Download the dataset:

from huggingface_hub import hf_hub_download

# Download the combined manifest (7GB)
file = hf_hub_download(
    repo_id="adoistic/voc-data",
    filename="combined_all_manifests.json",
    repo_type="dataset"
)

# Or download individual manifest files
file = hf_hub_download(
    repo_id="adoistic/voc-data",
    filename="merged_1111.json",
    repo_type="dataset"
)

# Load and use the data
import json
with open(file, 'r') as f:
    manifest = json.load(f)

List all available files:

from huggingface_hub import list_repo_files

files = list_repo_files("adoistic/voc-data", repo_type="dataset")
print(f"Available files: {len(files)}")

Data source and license

  • Manifests: https://data.globalise.huygens.knaw.nl/manifests/inventories/{id}.json
  • Images: IIIF Image API services referenced within each canvas
  • Rights: https://creativecommons.org/publicdomain/mark/1.0/ (as present in manifests)

Notebook overview

The notebook performs these steps:

  1. Read a .tab file listing transcription TXT URLs (one per line).
  2. For each URL:
    • Download the TXT file; infer the document identifier (e.g., 1111) from the filename.
    • Construct the corresponding IIIF manifest URL via a template.
    • Parse the TXT into sections keyed by canvas label IDs (e.g., NL-HaNA_1.04.02_1111_0001).
    • Merge the matched text into the manifest by setting a text field on each canvas.
    • Save as merged_{id}.json under merged_manifests/.
  3. Create combined_all_manifests.json that concatenates all canvases from the successfully processed manifests.
  4. Zip the merged_manifests/ folder for convenience.

Output schema (IIIF Presentation 3 with additions)

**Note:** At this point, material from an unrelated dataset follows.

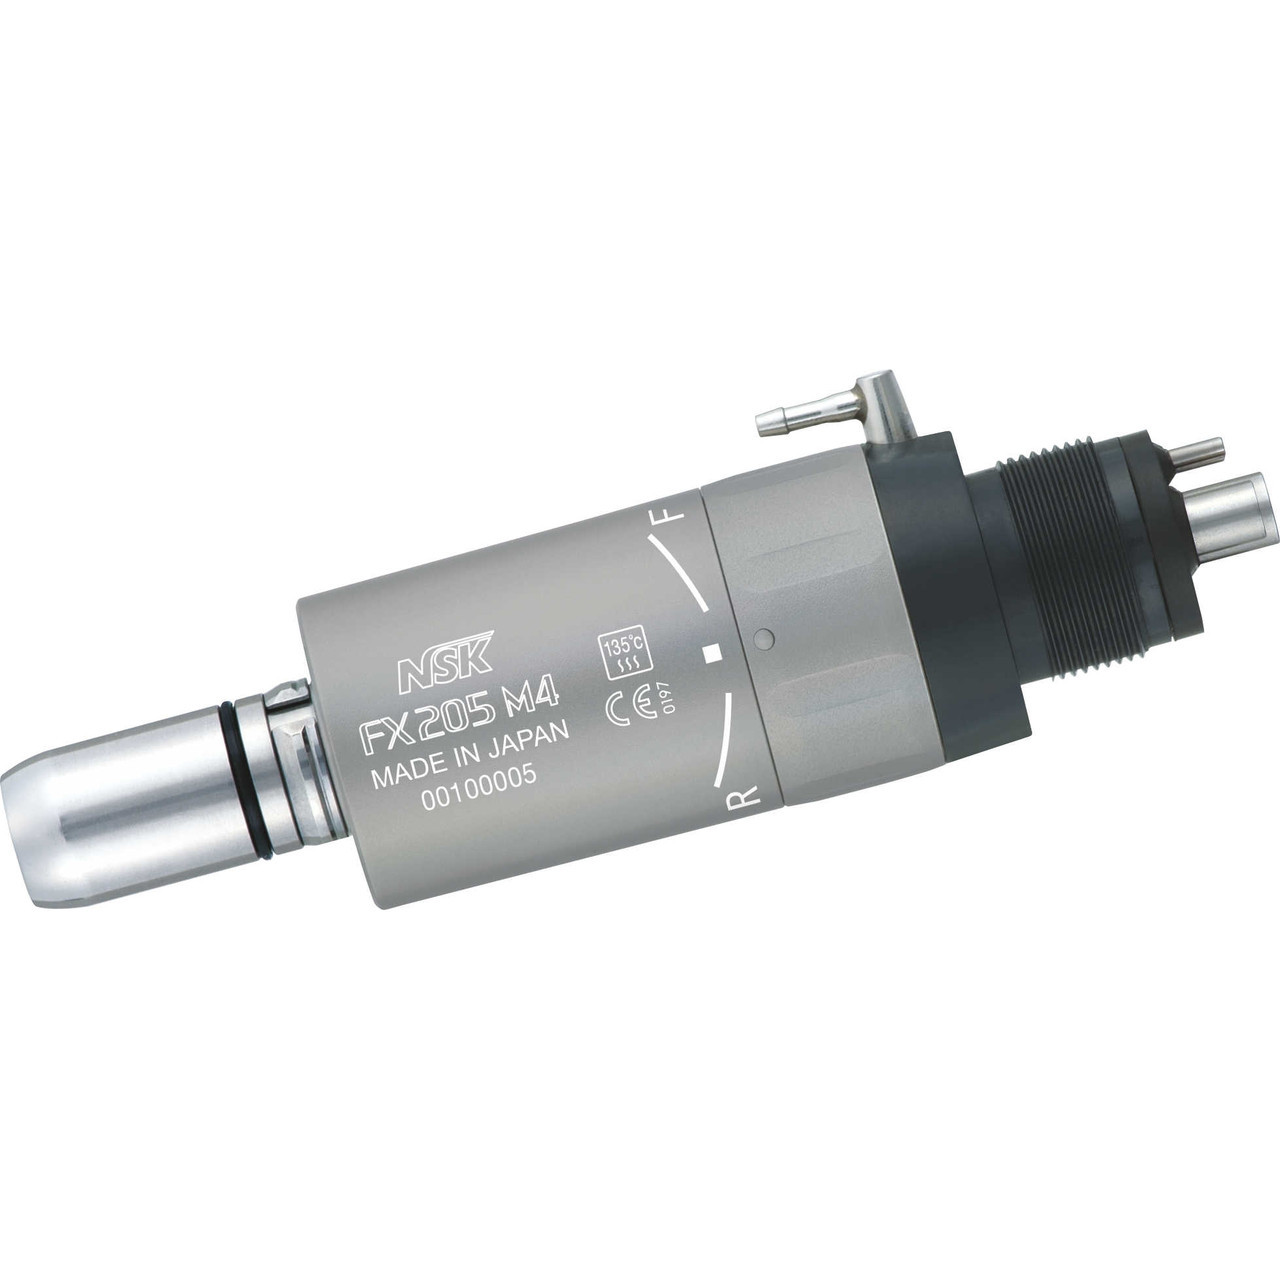 Стоматологический пневматичиcкий микромотор NSK Fx205 М4

Each merged_*.json is an IIIF Manifest with a non-standard addition: a text field on each canvas. Key fields:

  • Manifest
    • @context: http://iiif.io/api/presentation/3/context.json
    • id, type: Manifest
    • label, metadata, rights
    • items: Array of canvases
  • Canvas (per page)
    • id, type: Canvas
    • label.en[0]: Canvas identifier, e.g., NL-HaNA_1.04.02_1111_0001
    • height, width
    • items[0].items[0].body: IIIF Image resource
    • text: String of merged transcription for this canvas (may be empty if no match)

Example (truncated):

{
  "type": "Manifest",
  "label": {"en": ["Inventory 1111"]},
  "items": [
    {
      "type": "Canvas",
      "label": {"en": ["NL-HaNA_1.04.02_1111_0001"]},
      "items": [
        {
          "type": "AnnotationPage",
          "items": [
            {"type": "Annotation", "motivation": "painting", "body": {"type": "Image", "format": "image/jpeg"}}
          ]
        }
      ],
      "text": "... merged transcription text ..."
    }
  ]
}

combined_all_manifests.json is also a Manifest whose items array is the concatenation of the items from all successful merged_*.json files. Its label and metadata summarize the collection.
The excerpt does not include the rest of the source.